Data entries:
╔══
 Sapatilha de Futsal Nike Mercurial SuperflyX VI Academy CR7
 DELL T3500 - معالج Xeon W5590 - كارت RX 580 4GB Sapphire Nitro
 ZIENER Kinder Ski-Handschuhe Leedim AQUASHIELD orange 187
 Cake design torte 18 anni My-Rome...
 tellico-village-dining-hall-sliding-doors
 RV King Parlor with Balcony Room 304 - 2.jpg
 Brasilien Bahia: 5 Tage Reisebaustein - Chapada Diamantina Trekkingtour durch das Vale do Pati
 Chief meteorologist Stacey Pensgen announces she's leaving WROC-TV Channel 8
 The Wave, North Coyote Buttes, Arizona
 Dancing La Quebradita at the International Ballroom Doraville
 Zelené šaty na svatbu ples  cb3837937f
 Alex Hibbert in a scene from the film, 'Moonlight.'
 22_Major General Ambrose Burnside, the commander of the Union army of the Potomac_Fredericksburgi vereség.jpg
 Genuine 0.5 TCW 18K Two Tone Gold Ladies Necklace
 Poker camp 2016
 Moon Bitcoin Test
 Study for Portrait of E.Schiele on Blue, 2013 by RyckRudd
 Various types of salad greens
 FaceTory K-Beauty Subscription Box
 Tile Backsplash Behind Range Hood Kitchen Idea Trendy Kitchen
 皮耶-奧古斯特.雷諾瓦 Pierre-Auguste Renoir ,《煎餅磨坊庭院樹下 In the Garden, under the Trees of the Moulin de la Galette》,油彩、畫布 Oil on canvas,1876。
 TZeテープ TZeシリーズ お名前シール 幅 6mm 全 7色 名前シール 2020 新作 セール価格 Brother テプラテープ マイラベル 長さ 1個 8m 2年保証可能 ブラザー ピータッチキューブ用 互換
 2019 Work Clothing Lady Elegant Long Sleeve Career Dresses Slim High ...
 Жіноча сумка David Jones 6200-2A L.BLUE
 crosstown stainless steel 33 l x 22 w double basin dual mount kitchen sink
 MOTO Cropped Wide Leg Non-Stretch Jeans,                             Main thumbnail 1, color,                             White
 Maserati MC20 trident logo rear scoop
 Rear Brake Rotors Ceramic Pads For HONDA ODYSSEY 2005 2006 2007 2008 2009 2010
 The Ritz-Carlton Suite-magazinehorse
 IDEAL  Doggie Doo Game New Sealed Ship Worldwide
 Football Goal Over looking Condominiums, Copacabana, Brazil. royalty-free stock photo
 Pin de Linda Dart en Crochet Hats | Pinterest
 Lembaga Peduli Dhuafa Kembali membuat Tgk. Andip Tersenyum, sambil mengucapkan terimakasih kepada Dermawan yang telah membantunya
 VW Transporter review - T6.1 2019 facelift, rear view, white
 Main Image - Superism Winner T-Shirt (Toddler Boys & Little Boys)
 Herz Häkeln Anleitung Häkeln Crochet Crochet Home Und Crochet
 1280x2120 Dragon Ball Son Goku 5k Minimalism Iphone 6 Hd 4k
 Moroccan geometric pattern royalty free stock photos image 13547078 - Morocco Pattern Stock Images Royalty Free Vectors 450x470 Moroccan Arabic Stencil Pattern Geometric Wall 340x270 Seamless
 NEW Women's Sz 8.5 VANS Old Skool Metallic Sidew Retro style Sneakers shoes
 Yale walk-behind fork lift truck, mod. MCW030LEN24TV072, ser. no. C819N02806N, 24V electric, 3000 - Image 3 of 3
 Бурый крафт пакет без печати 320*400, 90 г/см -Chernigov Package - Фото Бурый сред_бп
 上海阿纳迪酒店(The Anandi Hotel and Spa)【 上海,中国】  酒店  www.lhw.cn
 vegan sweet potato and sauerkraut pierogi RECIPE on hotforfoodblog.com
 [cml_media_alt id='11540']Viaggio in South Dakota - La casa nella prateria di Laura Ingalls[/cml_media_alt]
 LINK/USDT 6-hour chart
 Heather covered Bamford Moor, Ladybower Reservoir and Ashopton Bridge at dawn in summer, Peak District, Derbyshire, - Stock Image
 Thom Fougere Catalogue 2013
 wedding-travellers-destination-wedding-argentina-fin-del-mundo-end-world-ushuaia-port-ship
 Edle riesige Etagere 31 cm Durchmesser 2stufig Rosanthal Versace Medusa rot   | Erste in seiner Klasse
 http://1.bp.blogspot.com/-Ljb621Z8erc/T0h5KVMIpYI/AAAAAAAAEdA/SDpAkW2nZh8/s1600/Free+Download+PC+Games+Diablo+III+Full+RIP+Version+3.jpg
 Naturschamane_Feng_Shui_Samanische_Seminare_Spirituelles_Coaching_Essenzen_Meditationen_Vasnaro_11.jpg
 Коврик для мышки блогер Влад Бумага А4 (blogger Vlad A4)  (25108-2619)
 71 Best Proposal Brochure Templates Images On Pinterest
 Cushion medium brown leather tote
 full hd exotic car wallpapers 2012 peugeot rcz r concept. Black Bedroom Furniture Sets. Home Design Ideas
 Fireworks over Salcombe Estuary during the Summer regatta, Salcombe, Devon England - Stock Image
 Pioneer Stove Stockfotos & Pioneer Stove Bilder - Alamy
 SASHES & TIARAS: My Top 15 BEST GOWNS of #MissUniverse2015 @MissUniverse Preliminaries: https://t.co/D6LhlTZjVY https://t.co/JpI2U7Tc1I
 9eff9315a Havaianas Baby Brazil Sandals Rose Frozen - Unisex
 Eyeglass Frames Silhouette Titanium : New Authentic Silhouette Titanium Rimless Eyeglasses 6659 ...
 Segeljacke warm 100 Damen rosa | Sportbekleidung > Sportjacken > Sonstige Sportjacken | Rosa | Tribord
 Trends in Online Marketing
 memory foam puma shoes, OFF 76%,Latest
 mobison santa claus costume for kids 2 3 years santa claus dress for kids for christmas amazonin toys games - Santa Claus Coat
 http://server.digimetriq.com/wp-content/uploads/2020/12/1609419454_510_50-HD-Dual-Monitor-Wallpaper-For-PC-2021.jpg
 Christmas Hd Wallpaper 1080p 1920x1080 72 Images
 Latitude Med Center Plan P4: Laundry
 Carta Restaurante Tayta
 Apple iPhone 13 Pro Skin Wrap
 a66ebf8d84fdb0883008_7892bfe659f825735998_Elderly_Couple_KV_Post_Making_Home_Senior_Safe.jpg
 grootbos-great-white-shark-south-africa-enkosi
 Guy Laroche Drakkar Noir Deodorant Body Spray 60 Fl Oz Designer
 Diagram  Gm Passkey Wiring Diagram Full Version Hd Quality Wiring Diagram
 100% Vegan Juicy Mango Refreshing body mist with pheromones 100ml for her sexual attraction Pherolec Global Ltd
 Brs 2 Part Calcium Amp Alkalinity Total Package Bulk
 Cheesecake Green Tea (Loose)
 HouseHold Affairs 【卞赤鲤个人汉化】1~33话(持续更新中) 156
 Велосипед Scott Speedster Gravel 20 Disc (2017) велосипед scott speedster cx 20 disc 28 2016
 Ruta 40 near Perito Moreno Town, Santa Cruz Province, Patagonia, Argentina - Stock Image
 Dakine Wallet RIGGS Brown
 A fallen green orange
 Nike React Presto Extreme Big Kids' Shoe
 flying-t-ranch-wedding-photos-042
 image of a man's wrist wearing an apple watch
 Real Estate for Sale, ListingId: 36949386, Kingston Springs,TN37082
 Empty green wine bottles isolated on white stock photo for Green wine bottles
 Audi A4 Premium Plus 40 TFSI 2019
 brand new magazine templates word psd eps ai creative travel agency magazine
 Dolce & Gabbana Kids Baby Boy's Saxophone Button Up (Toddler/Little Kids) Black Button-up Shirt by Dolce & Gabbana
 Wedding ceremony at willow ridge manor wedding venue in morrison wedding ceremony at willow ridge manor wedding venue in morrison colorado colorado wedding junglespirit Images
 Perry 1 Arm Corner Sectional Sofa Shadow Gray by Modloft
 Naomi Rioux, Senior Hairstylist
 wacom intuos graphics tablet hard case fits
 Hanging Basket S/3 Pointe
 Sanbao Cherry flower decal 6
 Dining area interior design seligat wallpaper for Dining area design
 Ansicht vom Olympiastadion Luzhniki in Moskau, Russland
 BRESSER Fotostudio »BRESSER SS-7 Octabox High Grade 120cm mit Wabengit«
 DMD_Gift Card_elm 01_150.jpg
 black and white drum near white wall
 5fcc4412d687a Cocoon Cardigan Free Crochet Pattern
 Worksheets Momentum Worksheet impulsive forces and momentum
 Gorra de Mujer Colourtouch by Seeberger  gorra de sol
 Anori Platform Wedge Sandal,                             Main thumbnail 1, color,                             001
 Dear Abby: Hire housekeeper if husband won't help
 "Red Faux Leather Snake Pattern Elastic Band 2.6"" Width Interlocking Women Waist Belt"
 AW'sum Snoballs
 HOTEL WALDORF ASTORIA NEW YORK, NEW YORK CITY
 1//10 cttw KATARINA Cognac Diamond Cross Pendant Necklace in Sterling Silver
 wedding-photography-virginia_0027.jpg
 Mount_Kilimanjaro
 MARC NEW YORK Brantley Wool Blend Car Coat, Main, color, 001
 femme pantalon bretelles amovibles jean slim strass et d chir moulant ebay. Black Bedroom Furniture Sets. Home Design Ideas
╚══
What is required: Of the entries listed above, reproduce only the lines starting at the line containing "Lembaga Peduli Dhuafa" and ending at the line containing "1280x2120 Dragon Ball". Include both, exactly as they stand.

Problem solution:
 Lembaga Peduli Dhuafa Kembali membuat Tgk. Andip Tersenyum, sambil mengucapkan terimakasih kepada Dermawan yang telah membantunya
 VW Transporter review - T6.1 2019 facelift, rear view, white
 Main Image - Superism Winner T-Shirt (Toddler Boys & Little Boys)
 Herz Häkeln Anleitung Häkeln Crochet Crochet Home Und Crochet
 1280x2120 Dragon Ball Son Goku 5k Minimalism Iphone 6 Hd 4k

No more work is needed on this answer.